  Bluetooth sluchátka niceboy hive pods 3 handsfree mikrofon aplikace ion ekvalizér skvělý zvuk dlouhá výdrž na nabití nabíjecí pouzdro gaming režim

==

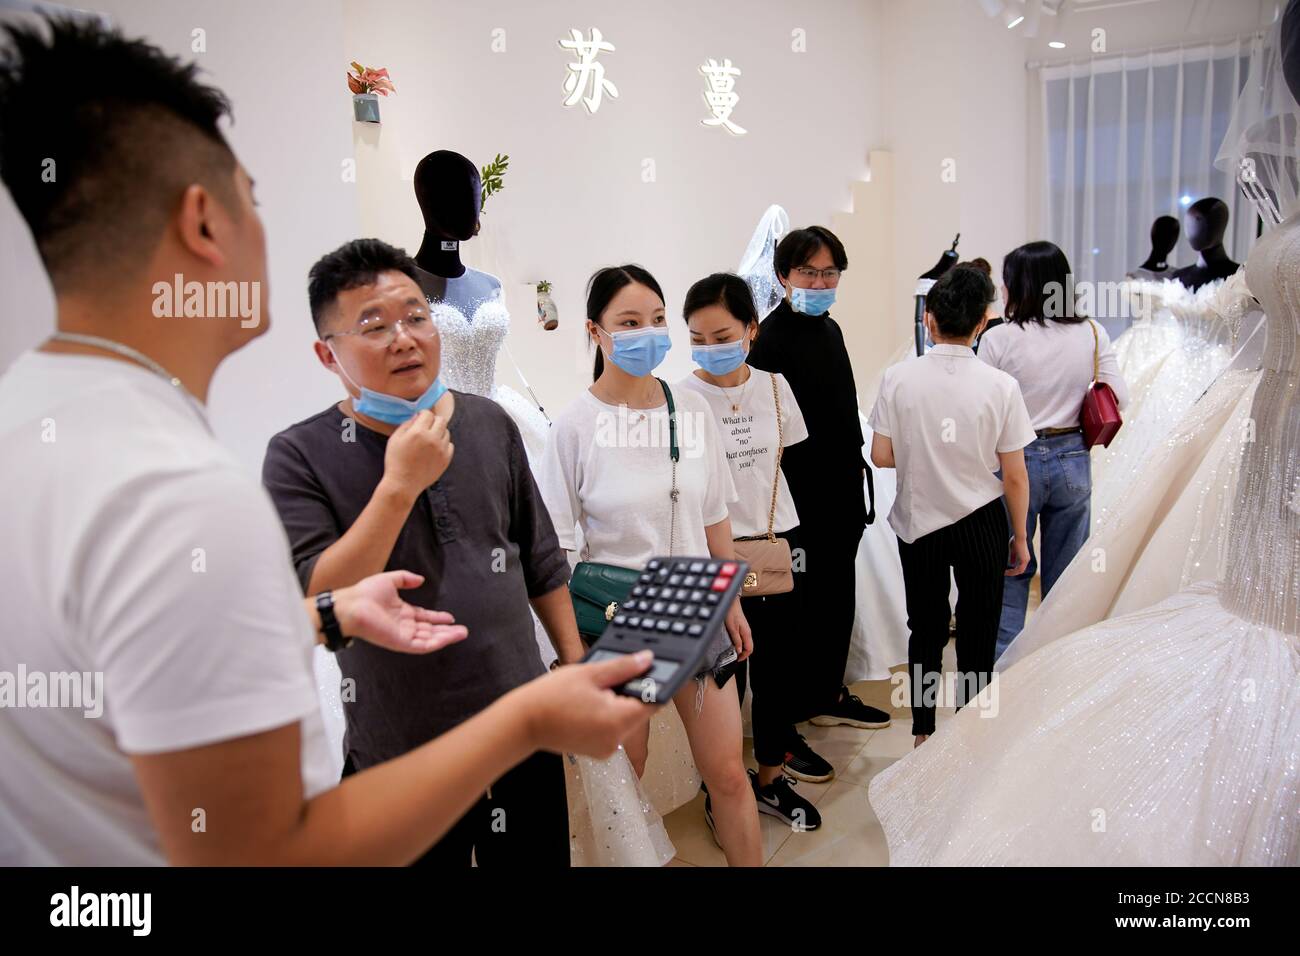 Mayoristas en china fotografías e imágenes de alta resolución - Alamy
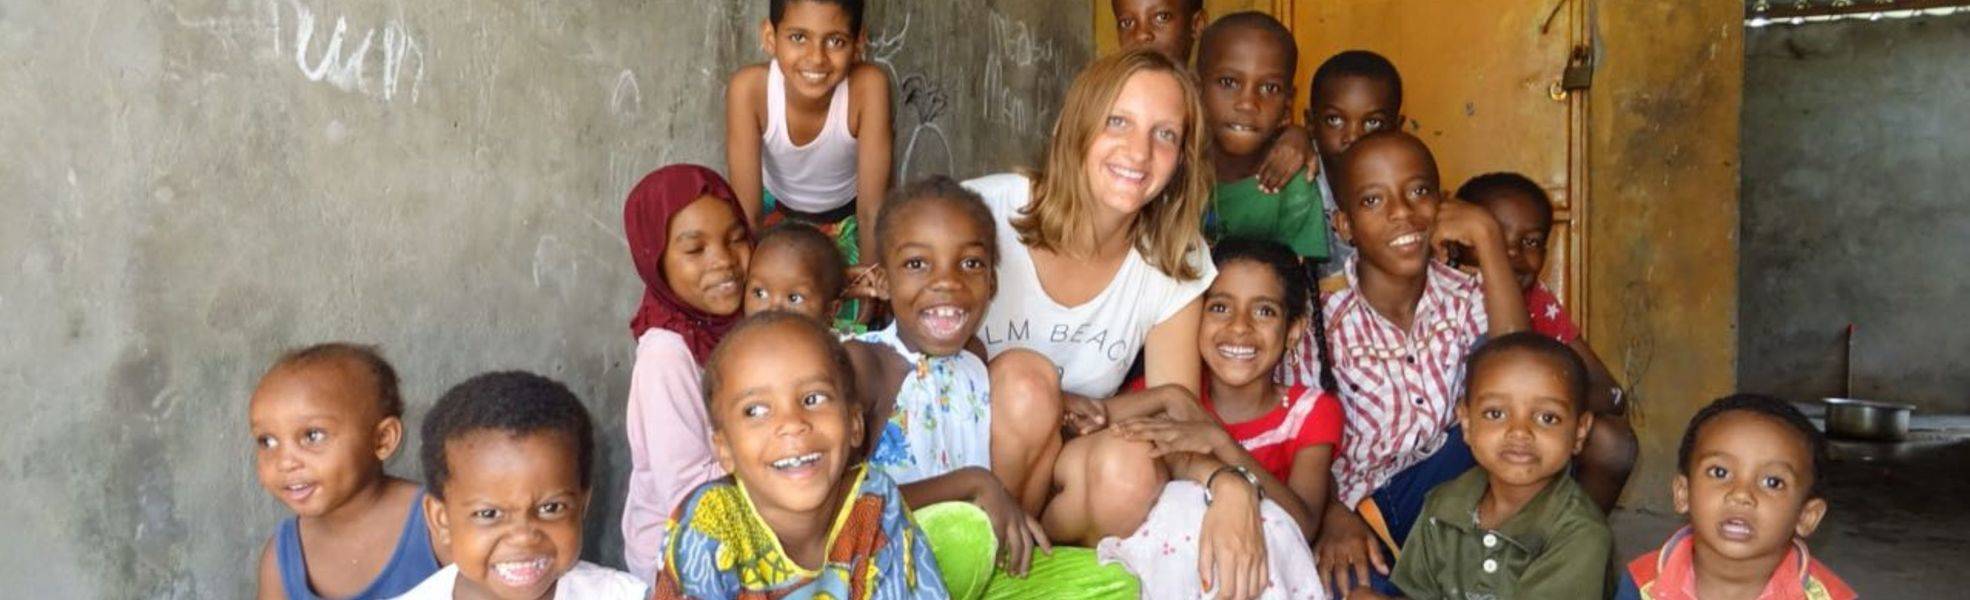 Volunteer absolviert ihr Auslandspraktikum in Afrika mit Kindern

Problem details: Everything above from the line containing "Mayoristas en china" down to the line containing "Volunteer absolviert ihr" is to be duplicated exactly, both lines included, and the pictures are to be omitted.

The completed task:
 Mayoristas en china fotografías e imágenes de alta resolución - Alamy
 Volunteer absolviert ihr Auslandspraktikum in Afrika mit Kindern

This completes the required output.